Читать ««Ты, жгучий отпрыск Аввакума...» (глава 26)» онлайн
Сергей Куняев
«Ты, жгучий отпрыск Аввакума…»
Глава 26 «Отлетает Русь, отлетает…»
К началу 1924 года Клюев уже, можно смело сказать, — отрицательный герой современной русской литературы. Во всяком случае именно в таком виде он был подан в книгах Льва Троцкого «Литература и революция» и Василия Князева «Ржаные апостолы (Клюев и клюевщина)».
Троцкий, воздавая должное Клюеву как «мужику», предварительно «ощупывал» его со всех сторон, прикидывая — на пользу ли вообще революции этот поэт-мужик… «Именно на нём, на Клюеве, видим мы снова жизненную силу социального метода литературной критики… Индивидуальность Клюева находит себя в художественном выражении мужика, самостоятельного, сытого, избыточного, эгоистично-свободолюбивого… Мужик, сумевший на языке новой художественной техники выразить себя самого и самодовлеющий свой мир… мужик, пронесший свою мужичью душу через буржуазную выучку, есть индивидуальность крупная — и это Клюев…» Прощупали. Вроде бы — определились. И всё же — что-то ускользает. Не прикладываются отточенные социально-классовые формулировки… Троцкий пытается пойти дальше: «Клюев не мужиковствующий, не народник, он мужик (почти)… Клюев учился. Где и чему, не знаем, но распоряжается он знаниями, как начётчик и ещё как скопидом. Крестьянин зажиточный, вывезя из города случайно телефонную трубку, укрепляет её в красном углу, неподалёку от божницы. Так и Клюев Индией, Конго, Монбланом украшает красные углы своих стихов, а украшать Клюев любит… Клюев хороший стихотворный хозяин, наделённый избытком: у него везде резьба, киноварь, синель, позолота, коньки и более того: парча, атлас, серебро и всякие драгоценные камни.
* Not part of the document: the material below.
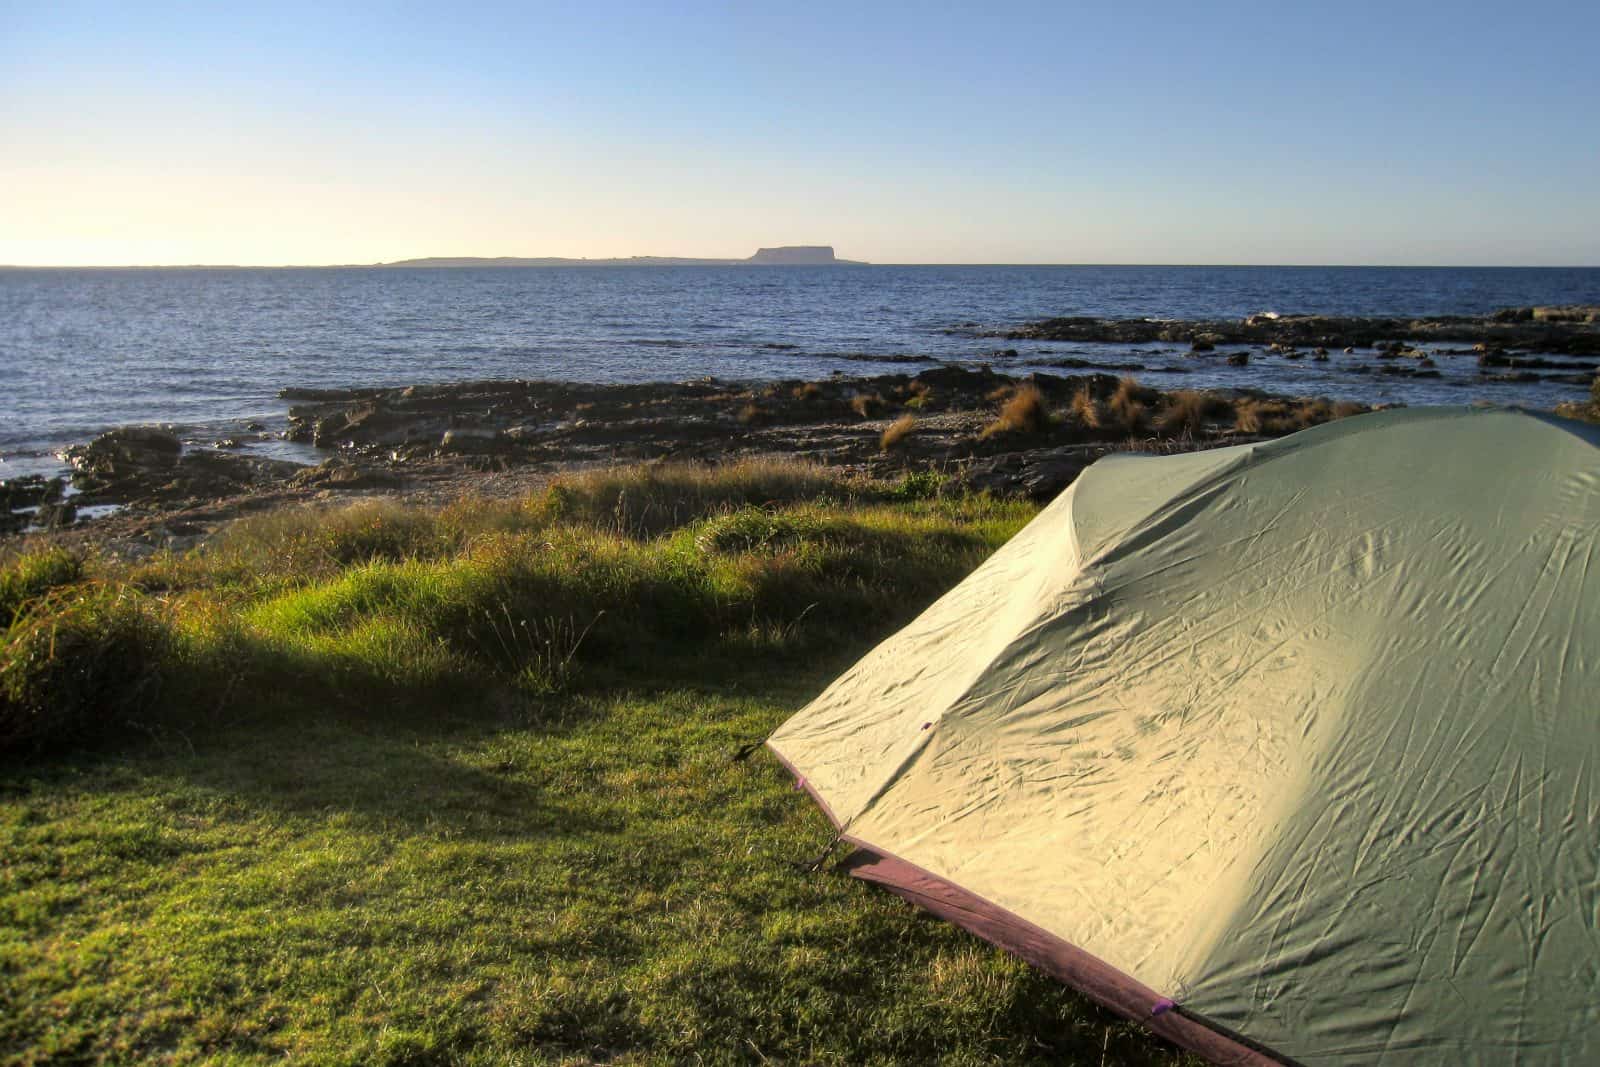 Camping in Tasmania

И всё это блестит и играет на солнце, а если поразмыслить, то и солнце его же, клюевское, ибо на свете заправски существует лишь он, Клюев, его талант, земля его под ногами и солнце над головой…»
Типичное представление о Клюеве человека, который, не вчитавшись, пробежал глазами по поверхности стихи «Песнослова» и «Львиного хлеба». Но Троцкому не до «вчитывания». Он стремится понять — можно ли из Клюева извлечь ему, Троцкому, пользу. И приходит к выводу: нет, нельзя… «Клюев — поэт замкнутого и в основе своей малоподвижного мира, но всё же сильно изменившегося с 1861 года… Стихи Клюева, как мысль его, как быт его, не динамичны. Для движения в Клюевском стихе слишком много украшений, тяжеловесной парчи, камней самоцветных и всего прочего…» (Глаза разбегаются, тут бы и собрать воедино все свои впечатления, увидеть внутреннее движение в этом кажущемся «застое» — куда там!)… «Клюев приемлет революцию, потому что она освобождает крестьянина, и поёт ей много песен. Но его революция без политической динамики, без исторической перспективы. Для Клюева это ярмарка или пышная свадьба… Клюев даже в те медовые дни так и этак прикидывал, не будет ли от всего этого ущерба его клюевскому хозяйству, то бишь искусству…» И главное — в финале. «Когда Клюев „подспудным, мужицким стихом“ поёт Ленина, то очень нелегко решить: Ленин это или… анти-Ленин? Двоемыслие, двоечувствие, двоесловие…» Для Троцкого вся образная система Клюева — тёмный лес. И он в бессилии опускает руки, зафиксировав «самое главное»: «Каков будет дальнейший путь Клюева: к революции или от неё? Скорее от революции: слишком уж он насыщен прошлым. Духовная замкнутость и эстетическая самобытность деревни, несмотря даже на временное ослабление города, явно на ущербе. На ущербе как будто и Клюев».